GLLS2007: What Librarians Need to Know about Games, Media Literacy, and Participatory Culture

Here are my notes, with a few reflections, from Henry Jenkins keynote speech:

It is not about games or books, it's about engaging students, children with the media. The build up of this knowledge and personal connection with culture and media is the core of participatory culture.

How can we as educators tap that excitement and commitment of the culture and turning it and applying it for education?

Jenkins contributes an educational political game for starting him thinking about gaming's connection to education in the fall of 1996. Jenkins' Games to Teach program at MIT wants to start changing the way people think, one librarian, parent, school at at time. Jenkins references Squire's work with Civilization. Talking about process and video game strength in teaching and sharing in that process.

These comment remind me of Matthew Weise's (who started at MIT) comments about games able to teach process. Games that focus on content and specific facts do not engage students as well as those the focus on process... and the content comes through the experience.

Education Arcade is working with NBC for iCue, a partnerships with gaming, news, and education. "Is it more like a spelling bee, or Scrabble?" The focus is on serious gaming, that include a variety of input sources (readings, discussion, reflection). Jenkins stated that the Education Arcade is focused on "what play means as an alternative source of learning. "

His slides include the of results from a MacArthur Foundation report, the quote is from
New London Group, "A Pedagogy of Multiliteracies"

"If it were posible to define generally the mision of education, it could be said that its fundametal purpose is to ensure that all students benefit from learning in ways that allow them to participate fully in public, community, and economic life."
The amount of time with screen media is not the real concern, the real concern is the level of engagement with that screen media.
How can we get kids to change the way they relate to it, and how can we use and apply this at the college level?
57 percent of teens would be media creators. Urban are the most likely to be ones doing this, then rural, then suburban. 22% have home pages. 43% do not... What is this gap?
Librarians can play a role in closing this gap.

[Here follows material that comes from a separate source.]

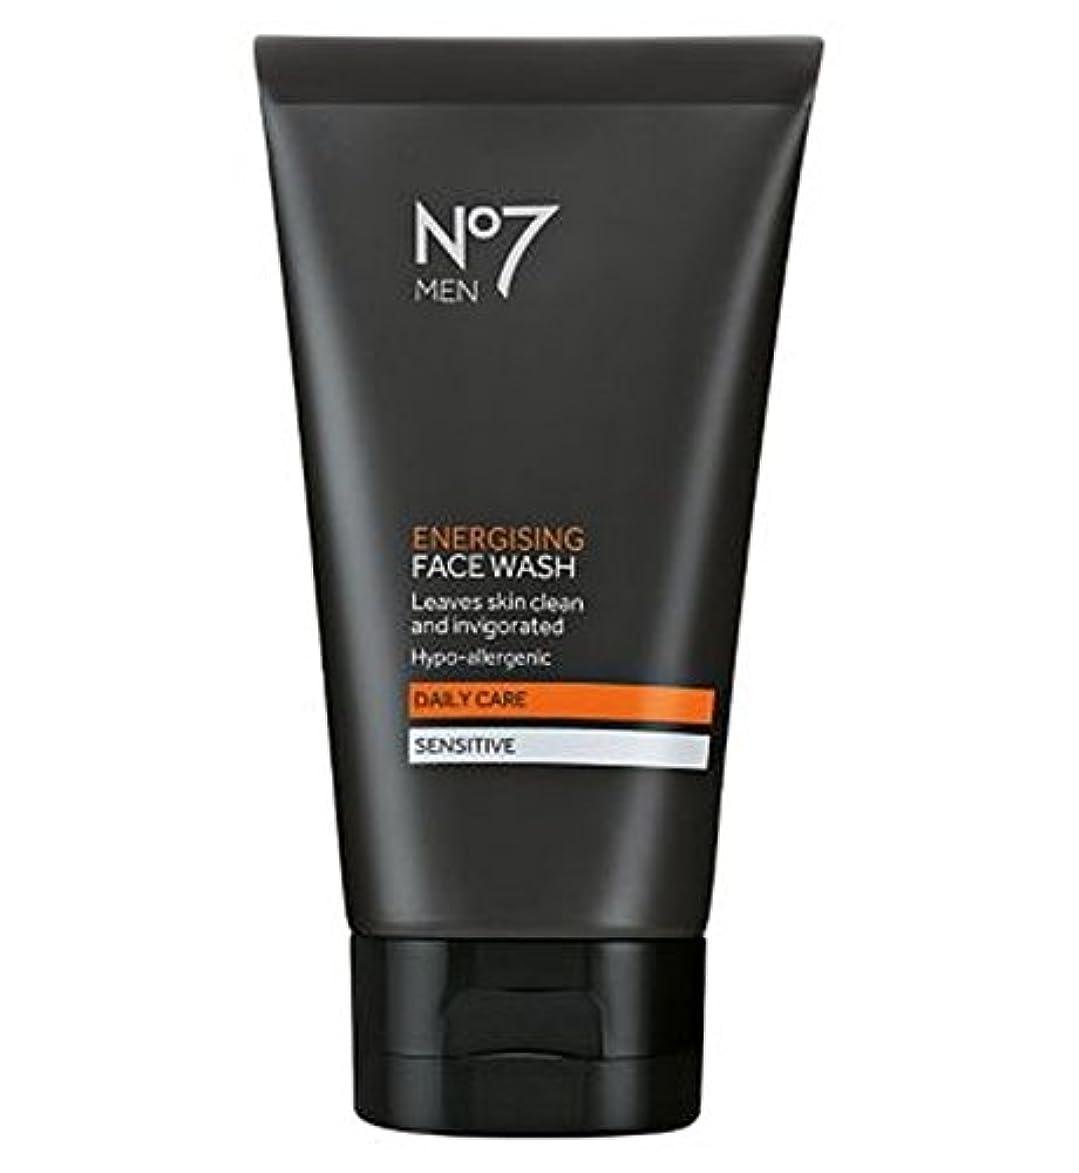 世界に死んだ遠洋の決めますNo7 Men Energising Face Wash 150ml - 洗顔料の150ミリリットルを通電No7の男性 (No7) [並行輸入品]
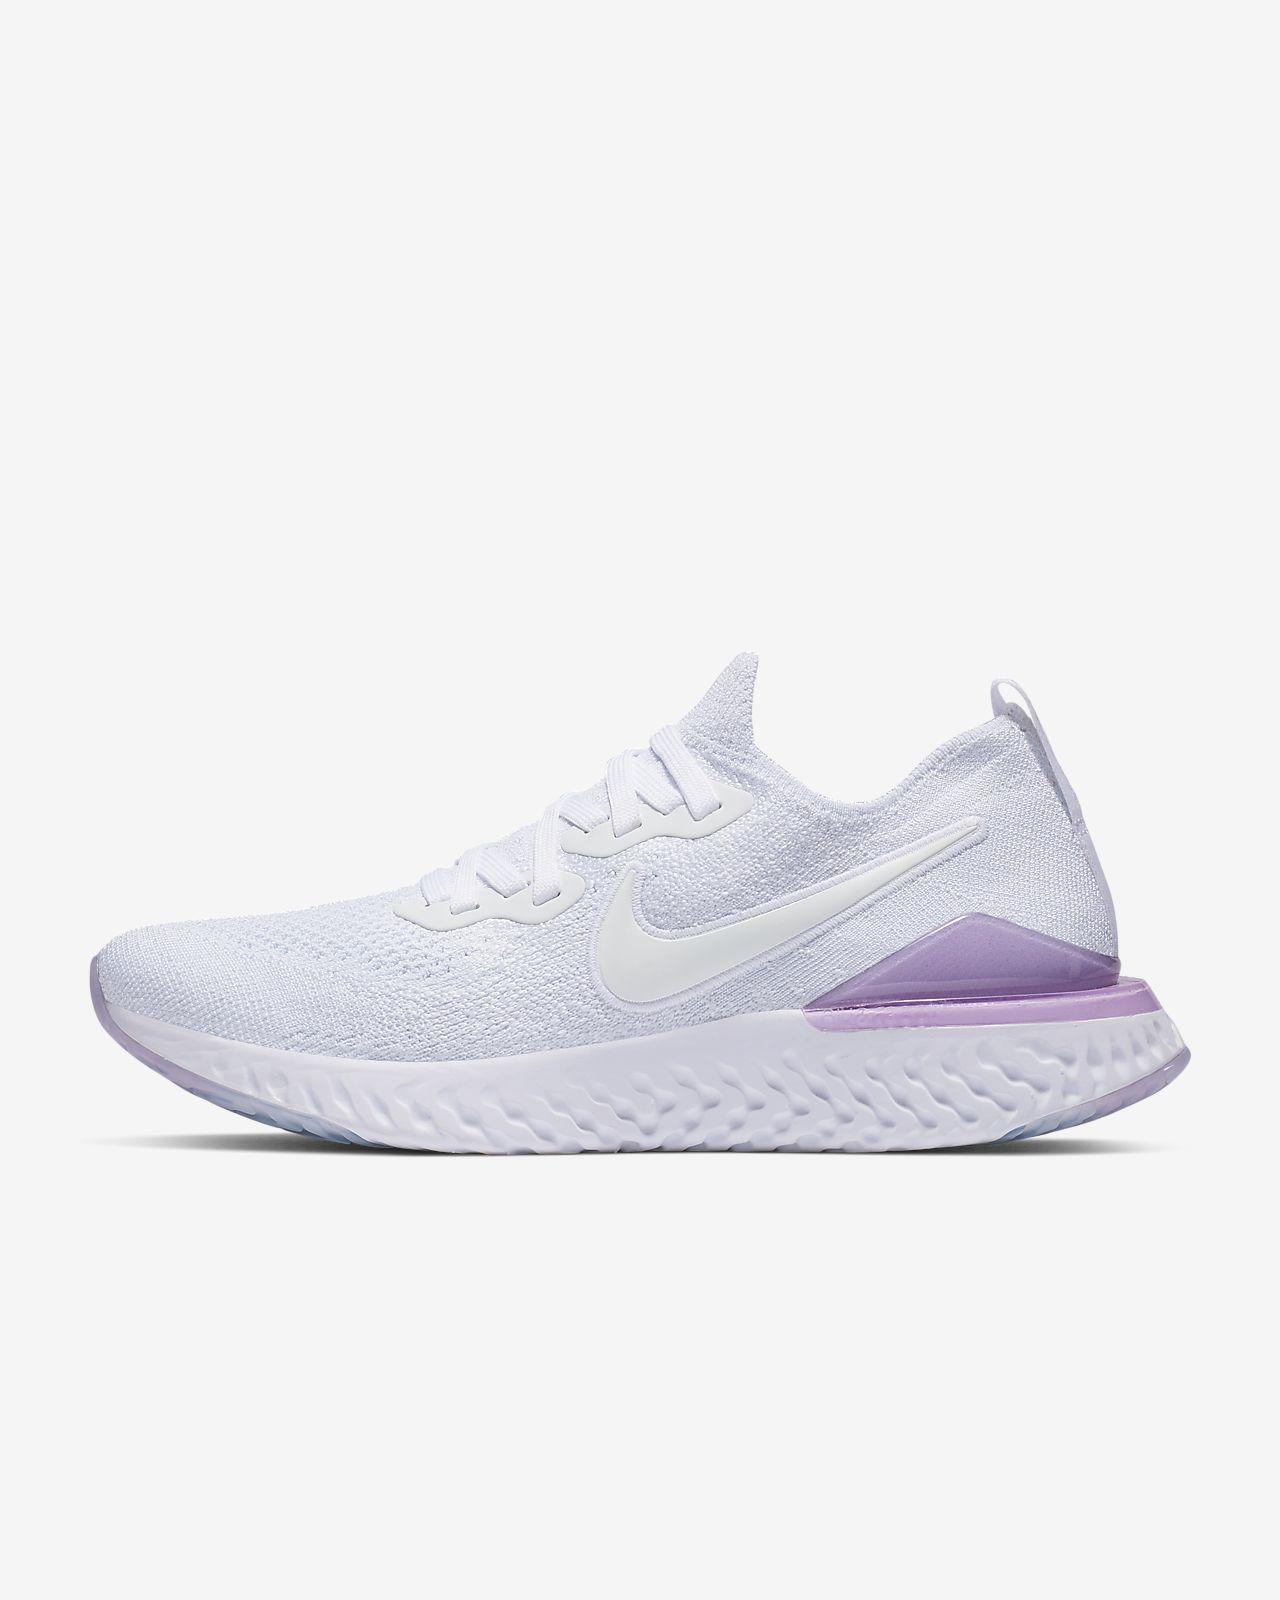 7da58ef138f1 Nike Epic React Flyknit 2 Women s Running Shoe. Nike.com NO

Participatory culture helps to address this gap :
  • Low barriers to expression and engagement
  • kind of informal mentorship
  • Members feel that contributions matter
  • degree of social connection between members
The Participation Gap:
This is more than just the "digital divide" not just with and without access. We've wired our spaces, NOW WHAT?! The idea of "always on" versus those with limited access (home, school, libraries) creates a drastically different experience for users.

Students with constant access look at research as a process, have time to look for creditiblity. Those with limited access are getting in and getting out, less evaluation because they don't have time. What are the components of this gap? And how do we, as librarians battle the gap?

Jenkins talked about a few of the problems and provided avenues to address these problems.
  1. The Transparency Problem:
    1. How games can translate to learning and content. Need media literacy to get them to think critically.
  2. The Ethics Problem:
    1. Blogging participation hits it first peak at 17&18 years old. Without the ethics that come from a school newspaper
How do we address and meet these problems? Everyone, parents, culture, schools, libraries all play a role?

Students Need:
  • traditional print literacy
  • research skills, how to read, understand and "get under the hood"
  • technical skills
  • media literacy

We can help supply these needs and deal with these problems through:
  • Play: the capacity to experiment with your surroundings as a form of problem solving, basic scientific method in an area where it is okay to try and fail
  • Simulation: the ability to interpret and construct dynamic models of real world processes, changing variables to see impact
  • Performance: the ability to to adopt alternative identities for the purpose of improvization and discovery, letting student/player get into character, collected information for variety of sources outside of the game, Revolution example
  • Appropriation: the ability to meaningfully sample and remix media content, remixing is a skill that has shaped human history, not to shy aware from it, but do it constructively
  • Multitasking: the ability to scan one's environment an shift focus onto salient details on an ad hoc basis, arcadia - playing 4 games at once
  • Distributed Cognition: the ability to interact meaningfully with tools which expand our mental capacities, William Shaffer's
  • Collective Intelligence: the ability to pool knowledge and compare notes with others towards a common goal; alternative reality game as example, designed to bring large people together to pool knowledge
  • Judgment: the ability to evaluate the reliability and credibility of different sources
  • Transmedia Navigation: the ability to deal with flow of stories and information across multiple modalities; ie: Pokemon
  • Networking: the ability to search for, synthesize, and disseminate information, Lost Darma mapping
  • Negotiation: the ability to travel across diverse communities, discerning and respecting multiple perspectives ad grasping and following alternative sets of norms, not just respecting diversity but valuing it

Project NML helped develop the withpaper on these problems and potential solutions; resources available at projectnml.org

How can we as academic libraries address these problems that Jenkins discusses. Can we incorporate the aspects he discusses in order to reach our students and the coming generation.

Henry Jenkins made the point that for libraries & librarians it is more important to understand how games work and to encourage and use in education, more so than just adding games.

We need to know why we want to use and be involved gaming. Then through the application of Jenkins' suggestions we can work to create a more participatory culture in our libraries, campuses, and with our students.